### Input records

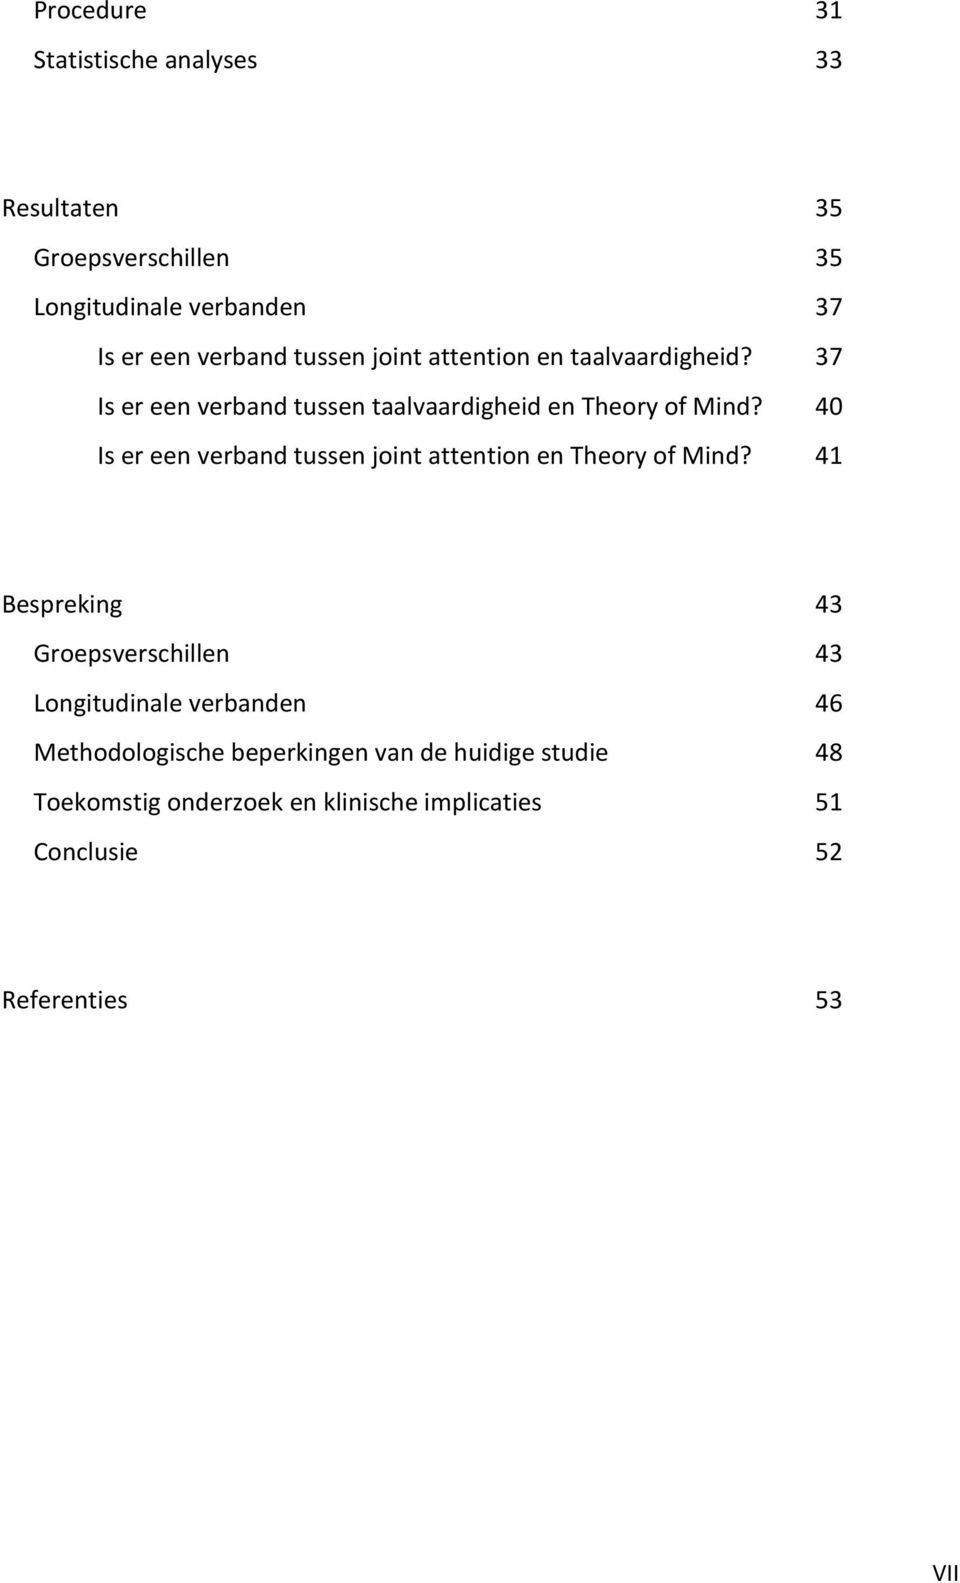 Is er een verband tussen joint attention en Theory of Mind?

######
### Input records

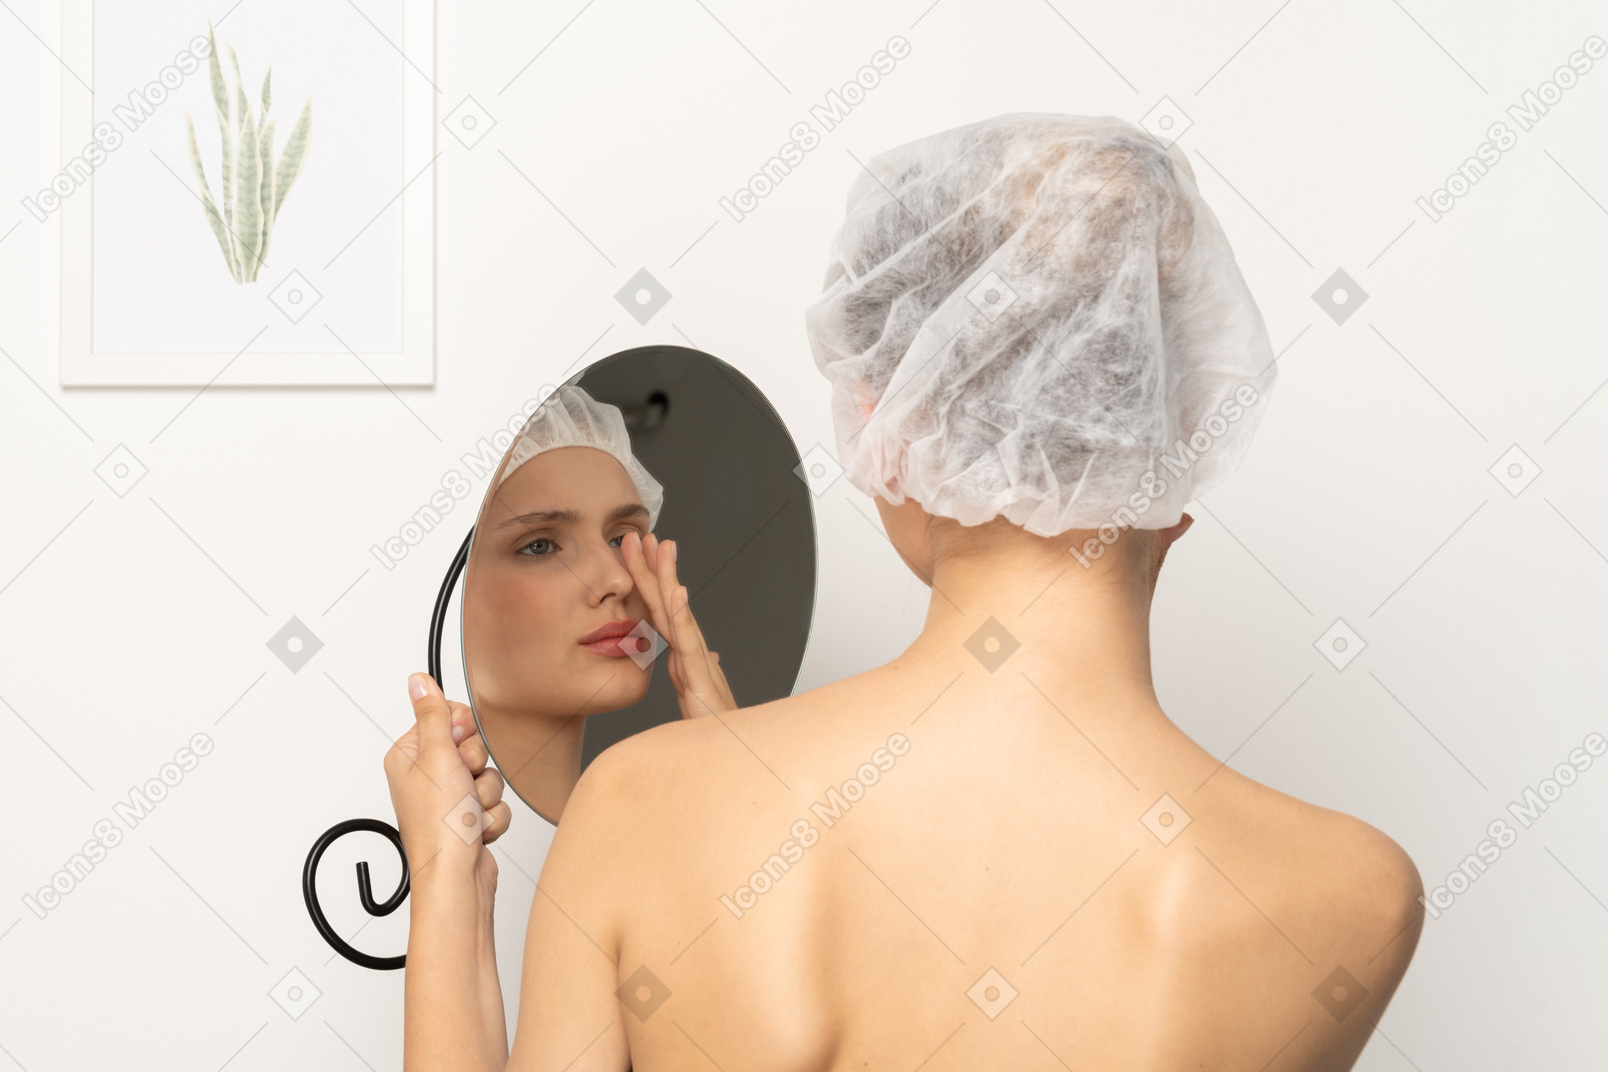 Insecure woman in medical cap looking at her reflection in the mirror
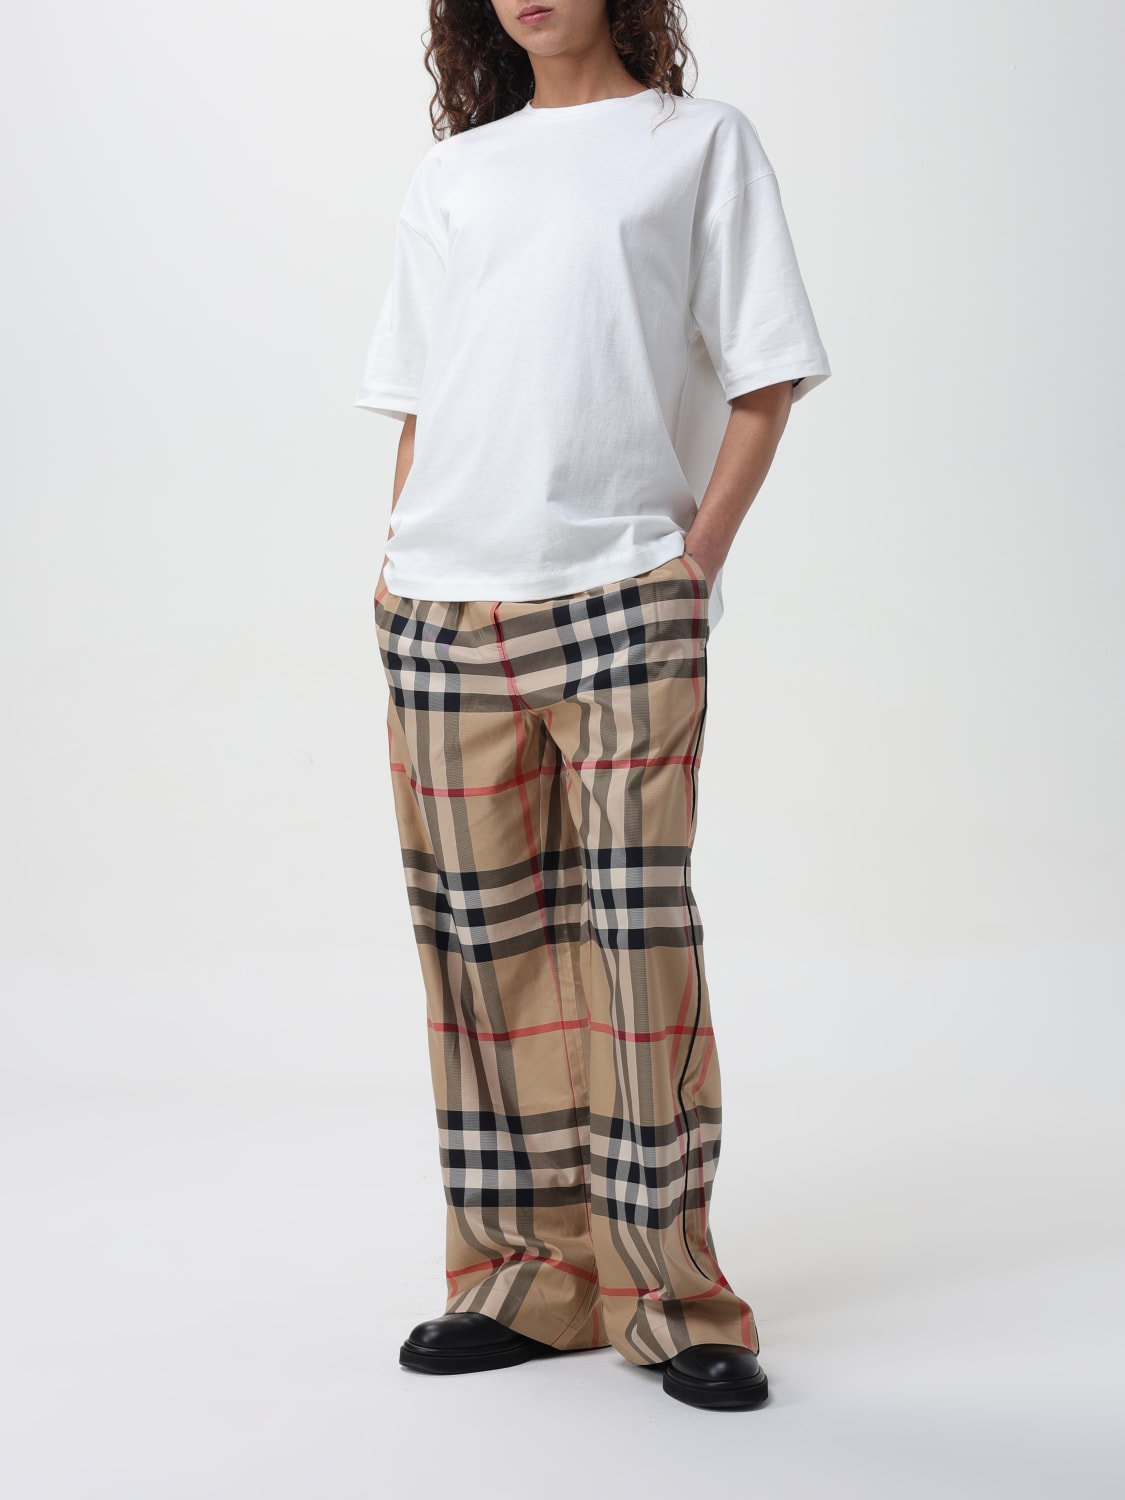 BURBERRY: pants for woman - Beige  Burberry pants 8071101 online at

######

What to do: Every line above from the one with "Insecure woman in" down to the one with "BURBERRY: pants for" must be written out exactly, and no picture may appear.

Output of the exercise:
 Insecure woman in medical cap looking at her reflection in the mirror
 BURBERRY: pants for woman - Beige  Burberry pants 8071101 online at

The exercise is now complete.